The record contained documentation submitted by the importer that was carelessly prepared. The inattention to detail and failure to check the correctness of all of the information in the documentation led to the initial denial of the protest by the port. Under reasonable care, the importer must be responsible. Not only must records be maintained, but they must be accurate. Greater care needs to be exercised in executing the documents that are kept to support a claim for preferential treatment. An importer cannot rely on CBP to constantly ask for clarifications or corrections on documents that are shoddily prepared and contain inconsistencies.
We note that the decision herein is based upon the specific facts of this case and the documents submitted to and reviewed by this office. You are instructed to allow the protest in part and deny in part.

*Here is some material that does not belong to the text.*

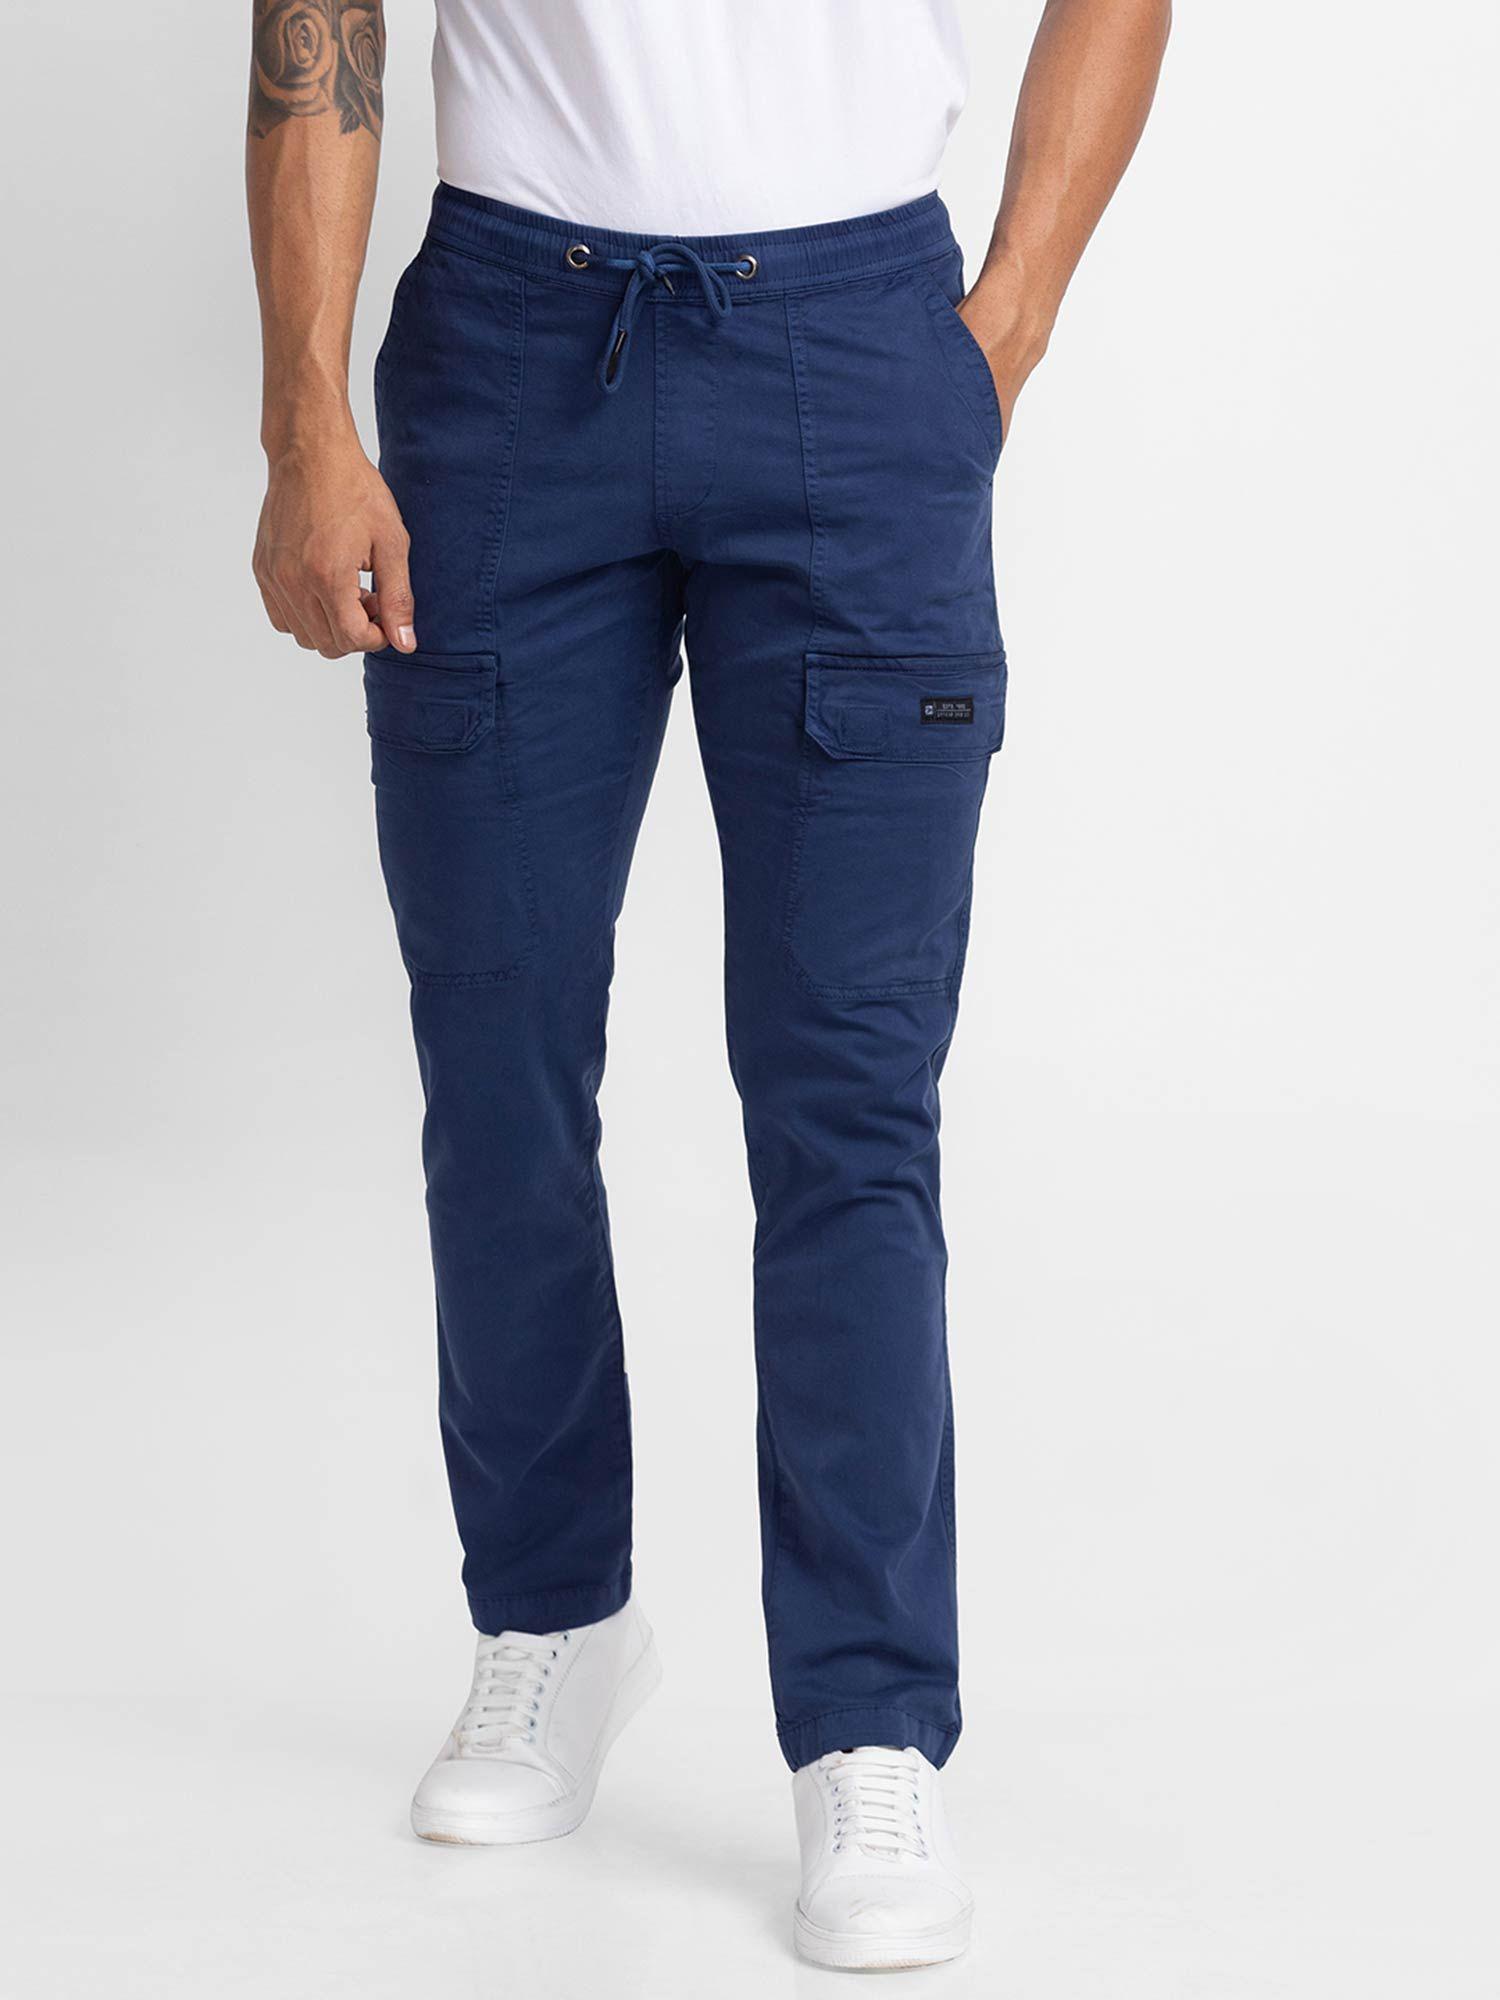 navy blue cotton slim fit regular length trousers for men

With regard to style 5122Y, the protest should be denied. With regard to the remaining styles, the protest should be allowed.
In accordance with the Protest/Petition Processing Handbook (CIS HB 3500-08A, December 2007, pp. 24 and 26), you are to mail this decision, together with the CBP Form 19, to the protestant no later than 60 days from the date of this letter. Any reliquidation of the entry in accordance with this decision must be accomplished prior to mailing of the decision. Sixty days from the date of the decision Regulations and Rulings of the Office of International Trade will make the decision available to CBP personnel, and to the public on the CBP Home Page on the World Wide Web at www.cbp.gov, by means of the Freedom of Information Act, and other methods of public distribution.